Wednesday, March 19, 2014

Important (or at least famous) People with the MBTI Profile ENTP



A listing of (11 * 4 = 44) famous people and historical figures with the ENTP personality type follows below.

I happen to be a card-carrying ENTP. The mere fact that I am compelled to share that information with anyone who happens by my blog is evidence of the accuracy of Jungian psychology.

ENTPs are the least likely of all other personality types to suffer from heart disease or hypertension, or to report stress that is associated with family and health. Their traits score the highest in their ability to cope with stress and harness it for creative and inventive purposes.

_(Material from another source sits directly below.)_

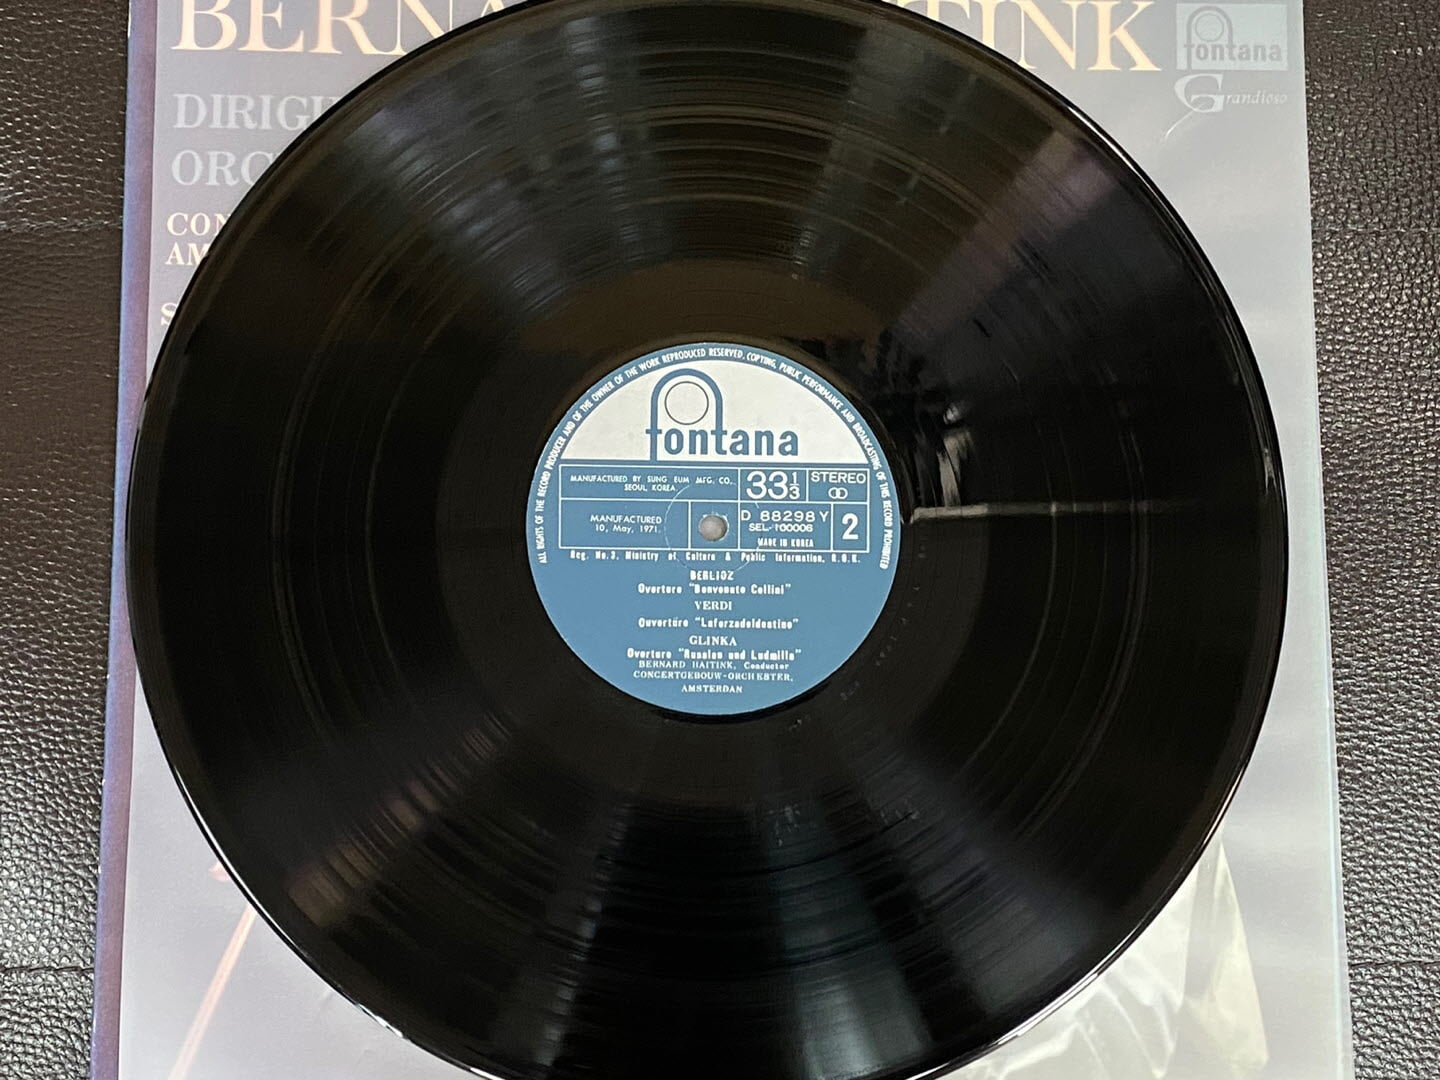 [LP] 베르나르트 하이팅크 - Bernard Haitink - Dirigiert Beruhmte Orchesterwerke Der Romantik LP [성음-라이센스반]

Although they typically acquire higher income jobs, ENTPs are among the types that are most dissatisfied with their work.

The list includes interesting pairs: Stewart and Colbert; Carlin and Crystal; Hume and Mill; Feynman and Heisenberg; and Edison and Tesla.


  • John Adams
  • Mahmoud Ahmadinejad
  • Alexander the Great
  • Rowan Atkinson
  • Edmund Burke
  • George Carlin
  • Catherine the Great
  • Julia Child
  • Stephen Colbert
  • Billy Crystal
  • Celine Dion
  • Walt Disney
  • Robert Downey Jr.
  • Thomas Edison
  • Federico Fellini
  • Richard Feynman
  • Benjamin Franklin
  • Newt Gingrich
  • Hugh Grant
  • Salma Hayek
  • Tom Hanks
  • Neil Patrick Harris
  • Bill Hicks
  • Werner Heisenberg
  • Alfred Hitchcock
  • David Hume
  • Henry Kissinger
  • Bill Maher
  • Rose McGowan
  • Sarah McLachlan
  • John Stuart Mill
  • John von Neumann
  • Barack Obama
  • Blaise Pascal
  • David Hyde Pierce
  • Sir Walter Raleigh
  • Theodore Roosevelt
  • Adam Savage
  • Socrates
  • David Spade
  • Jon Stewart
  • Nikola Tesla
  • Leonardo da Vinci
  • Voltaire
  • Mao Zedong

In addition to the "cool" pairs I mentioned above, there is at least one unsettling pair: Ahmadinejad and Zedong.  I'm not sure what I have in common with either Mahmoud Ahmadinejad or Mao Zedong, or whether historians would describe either of them as inventors before despots, but I suppose one must take the good with the bad. Would flattery be as sweet without a little derision mixed in? Are any of us all good or all bad all of the time?